Files
wraith-8b/GGUF_README.md

55 lines
1.3 KiB
Markdown
Raw Permalink Normal View History

# GGUF Quantized Models
For optimal inference performance, we provide GGUF quantized versions of Wraith-8B.
## Available Models
### Recommended: Q4_K_M (4.7GB)
- **Best balance** of quality and speed
- **File:** `wraith-8b-Q4_K_M.gguf`
- **Size:** 4.7GB
- **Performance:** ~3.6s per response
- **Quality:** No degradation vs FP16 on benchmarks
### Full Precision: FP16 (16GB)
- **Highest quality** (though Q4_K_M shows no loss)
- **File:** `wraith-8b-fp16.gguf`
- **Size:** 16GB
- **Performance:** ~50s per response (CPU offloading)

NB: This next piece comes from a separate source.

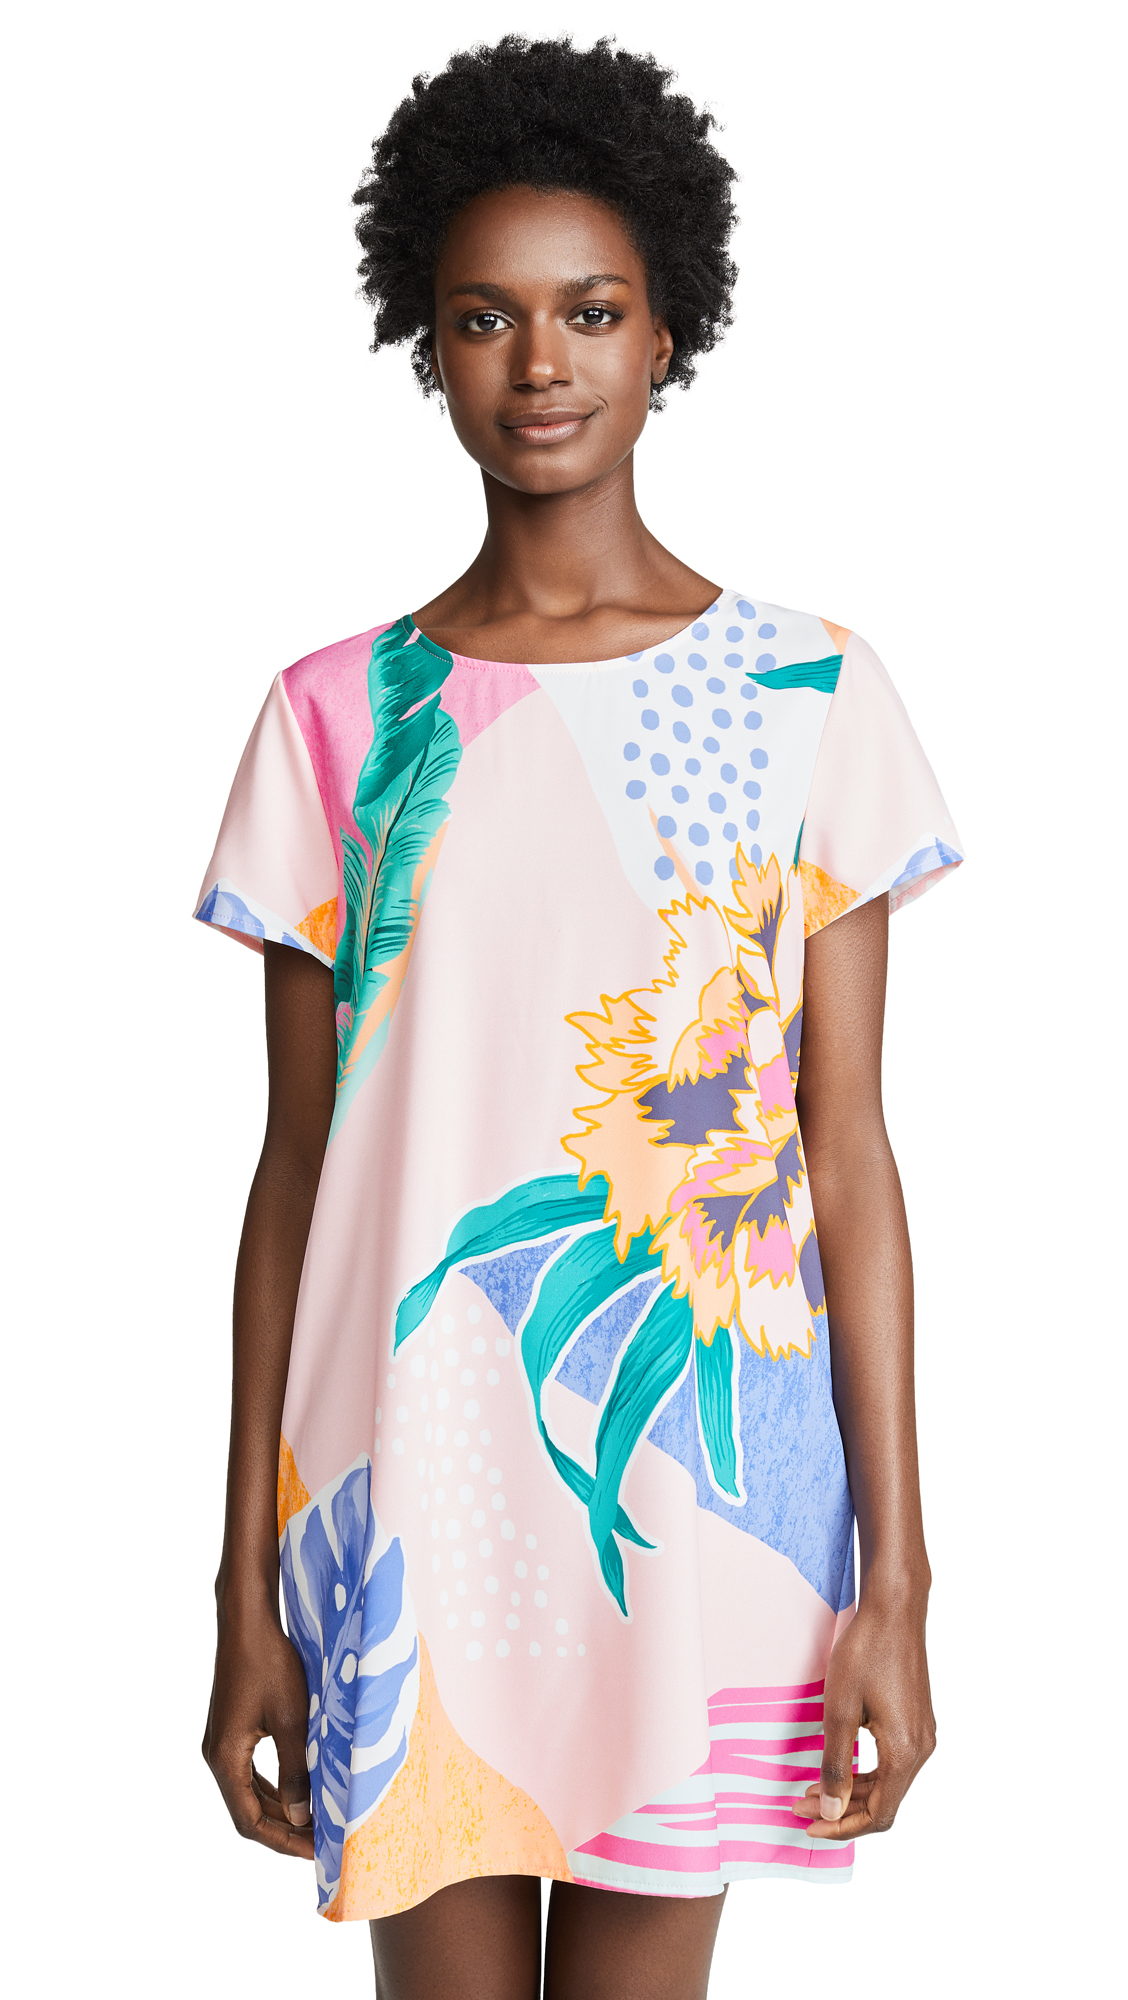 MINKPINK Idea of Happiness Tee Dress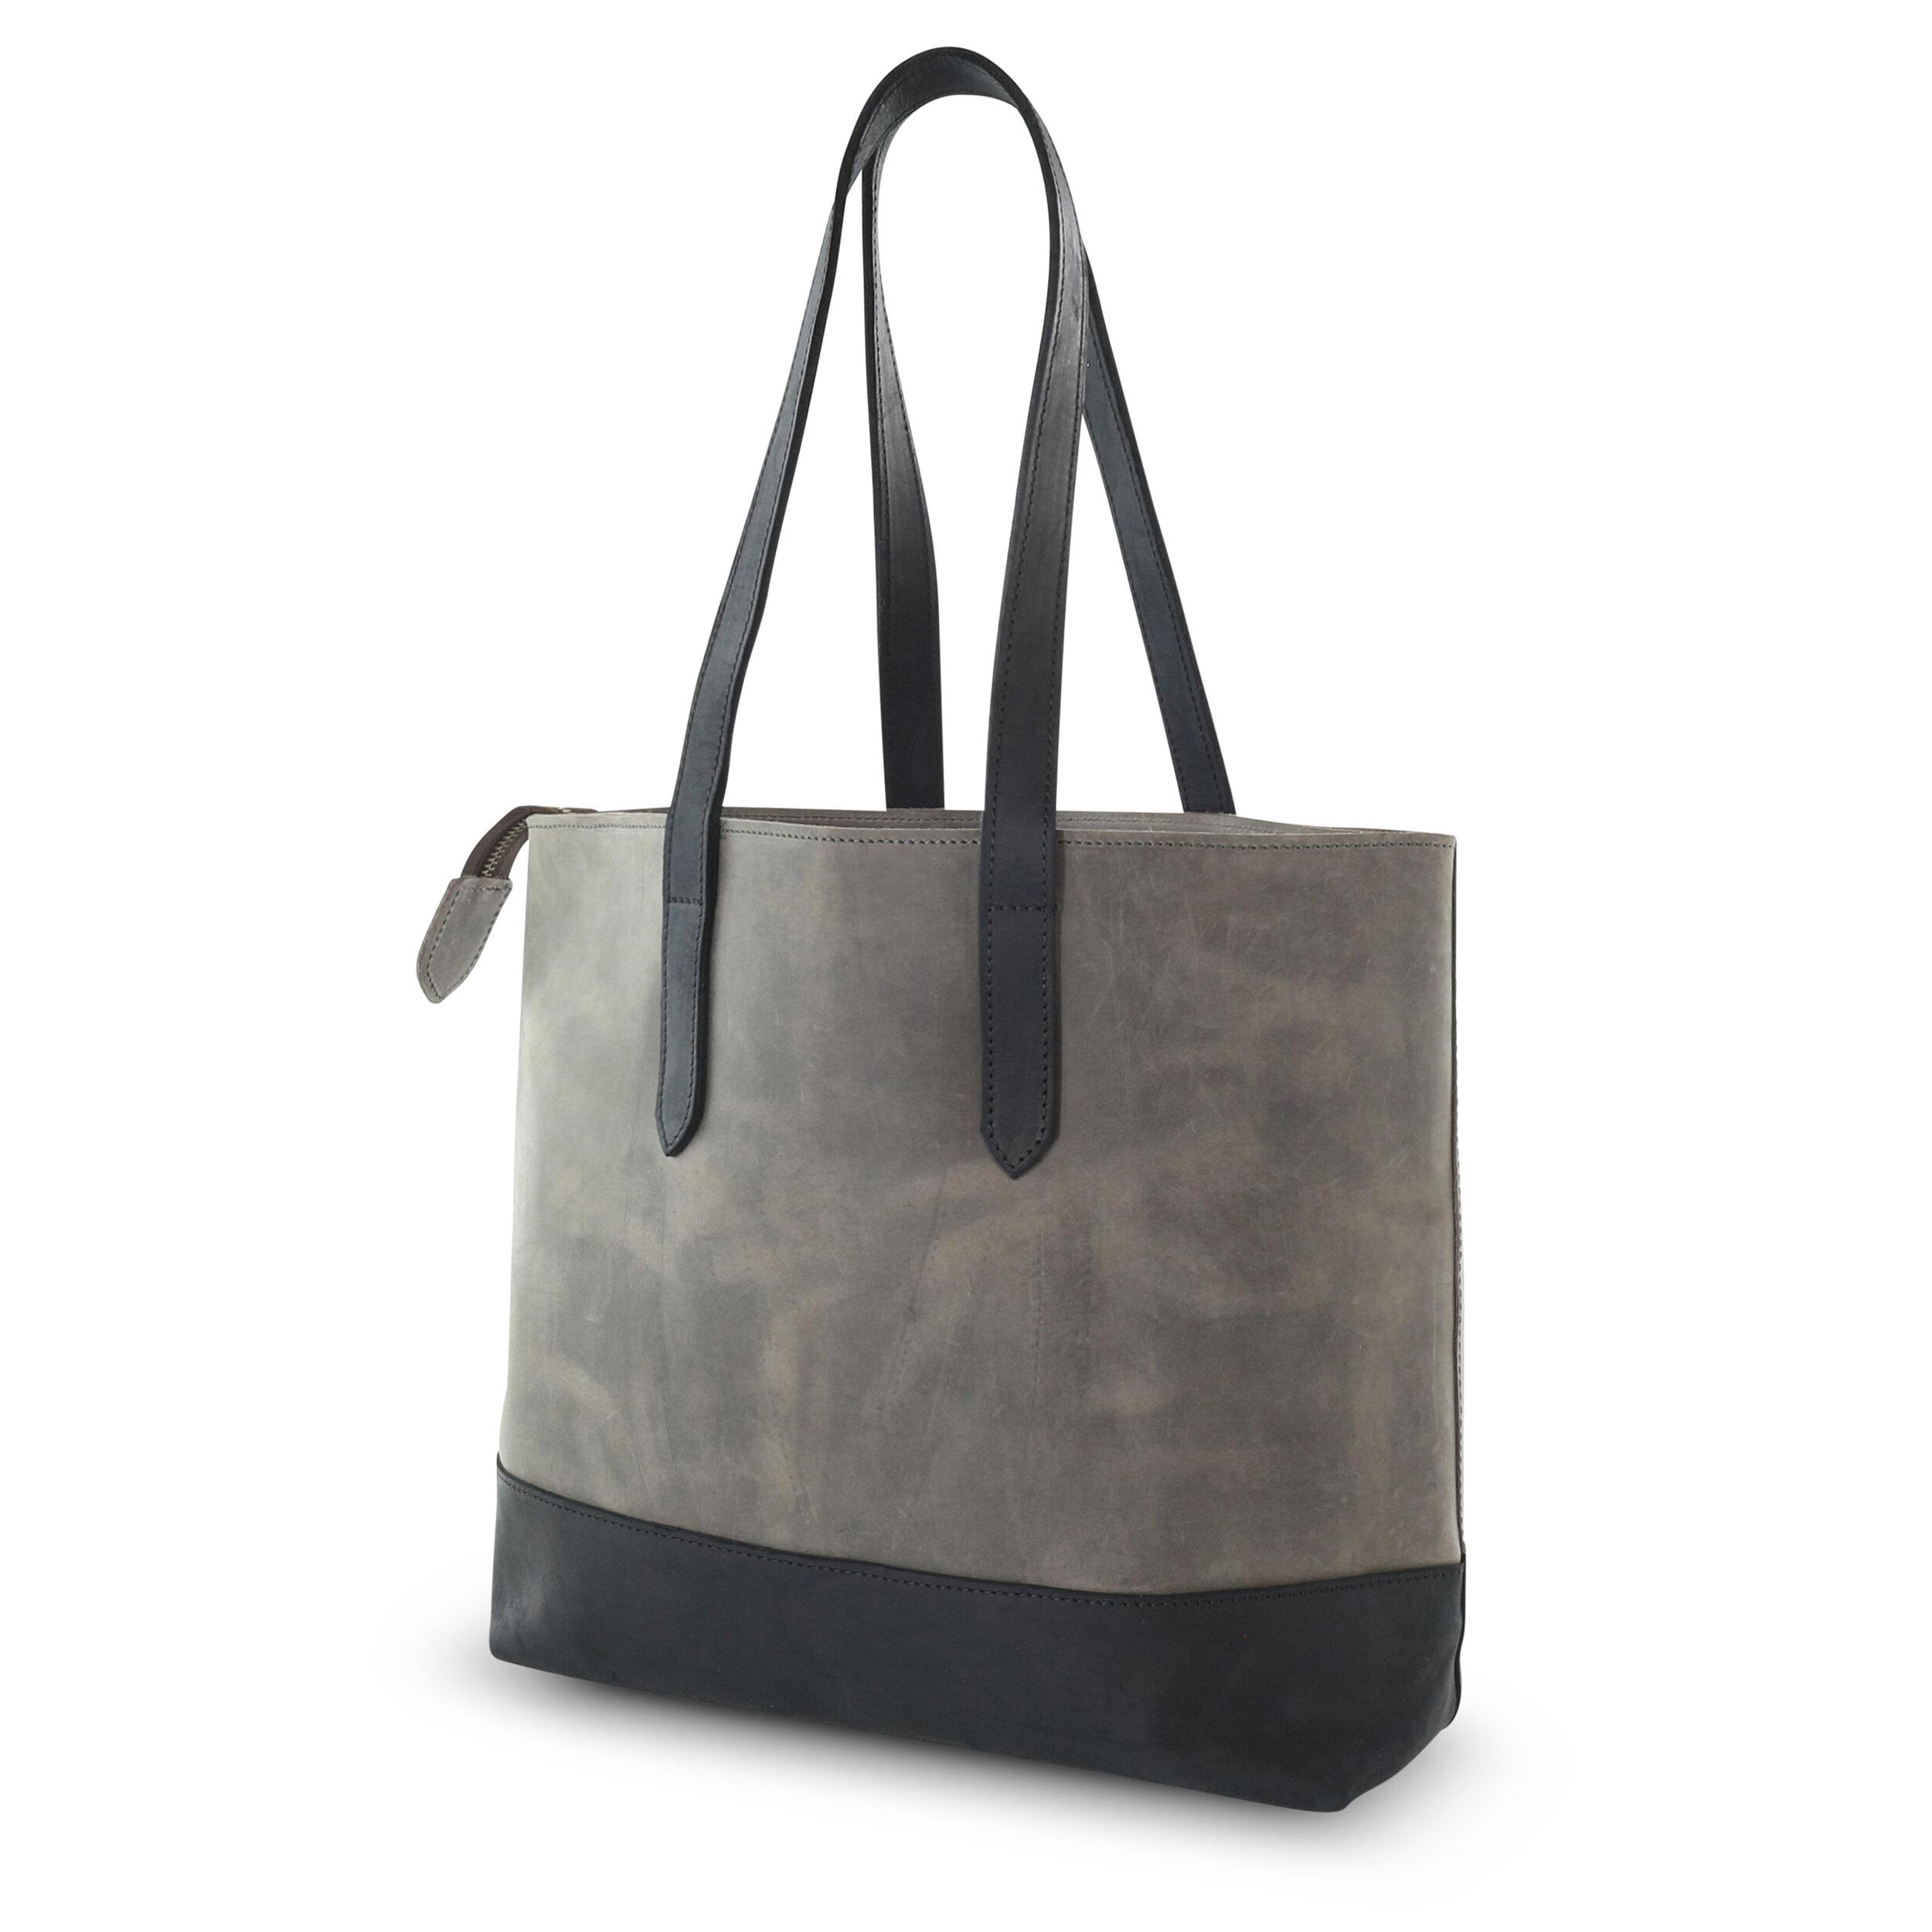 All leather tote handbag

- **Use case:** Research/analysis only
## Download
Due to file size, GGUF models are stored separately:
```bash
# Download Q4_K_M (recommended)
wget https://huggingface.co/NeuroForge/Wraith-8B/resolve/main/gguf/wraith-8b-Q4_K_M.gguf
# Or use huggingface-cli
huggingface-cli download NeuroForge/Wraith-8B gguf/wraith-8b-Q4_K_M.gguf
```
## Usage with llama.cpp
```bash
./llama-cli -m wraith-8b-Q4_K_M.gguf \
-p "Calculate the area of a circle with radius 5cm." \
-n 512 \
--temp 0.7 \
--top-p 0.9
```
## Usage with Ollama
See main README for Modelfile template and setup instructions.
## Benchmarks
All benchmark results in the main model card were achieved using the Q4_K_M quantization:
- GSM8K: 70%
- MMLU: 66.4%
- TruthfulQA: 58.5%
**Conclusion:** Q4_K_M provides full model quality at 29% of the size.